Bundesstraße 1 Explained

Country:DEU
Type:B
Route:1
Length Km:778
States:North Rhine-Westphalia, Lower Saxony, Saxony-Anhalt, Brandenburg, Berlin

The Bundesstraße 1 (abbr. B1) is a German federal highway running in an east-west direction from the Dutch border near Aachen to the Polish border at Küstrin-Kietz on the Oder River.

History

The road developed from an ancient east-western trade route connecting the shore of the North Sea at Bruges with the area of Novgorod. A trade and military road was already mentioned in Ptolemy's Geography about 150 AD, parts of it formed the medieval Westphalian Hellweg trade route, vital for the transport of salt and crops, and the course of the Via Regia, the Ottonian "royal road" through the Holy Roman Empire from Aachen to Magdeburg.

From the late 18th century onwards, parts of the route were rebuilt as a chaussee, mainly in the area between Aachen and Jülich as well as on the nearby territory of the County of Mark, promoted by the Brandenburg-Prussian administration under Heinrich Friedrich Karl vom und zum Stein. Stein also concluded an agreement to extend the road via the territory of Imperial Essen Abbey for the accessibility of the coal deposits in Cleves. The road from the Prussian capital Berlin to the royal castles in Potsdam was rebuilt in 1792 and extended to Brandenburg an der Havel until 1799.

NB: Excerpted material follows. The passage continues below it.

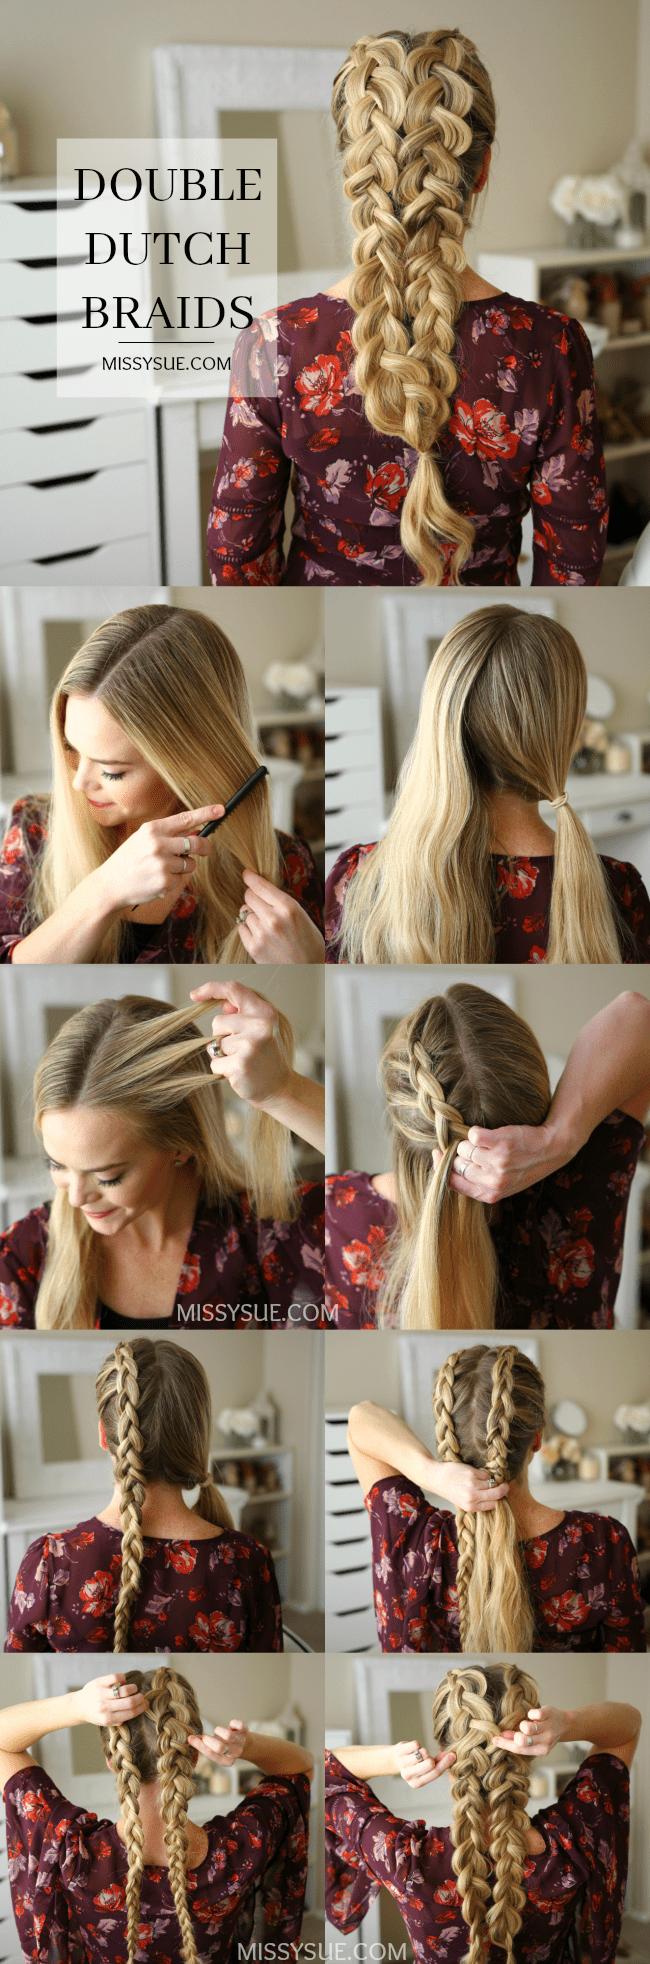 double-dutch-braids-hair-tutorial-2

After Napoleonic Wars and the Empire's dissolution in 1806, the Prussian monarchs systematically expanded the road network, completing the chaussee between Berlin and Magdeburg in 1824, and between Berlin and Königsberg in 1828, reaching the East Prussian terminus at Gumbinnen (present-day Gusev, Russia) in 1835. In 1932 the major highways of the German Reich were numbered and two years later the Fernverkehrsstraße 1 was incorporated into the Reichsstraßen system. After 1945 the former Reichstraße 1 was split into Bundesstraße 1 in West Germany and Fernverkehrsstraße 1 in East Germany until 1990. The part east of the Oder became part of different polish Droga krajowa.

Route description

The road's western terminus is in Aachen, where it connects with the N278 in the Netherlands.

The road heads eastward through the Ruhr Area in the state of North Rhine Westphalia. Here it is identical with A 40.Leaving the Ruhr Area east of Dortmund, the B1 travels the more scenic route that shadows the A 2. Here it follows the old trading route Hellweg, crossing cities like Unna, Werl, Soest, Paderborn, Hamelin, Hildesheim and Brunswick. It then continues to Magdeburg, Potsdam and Berlin.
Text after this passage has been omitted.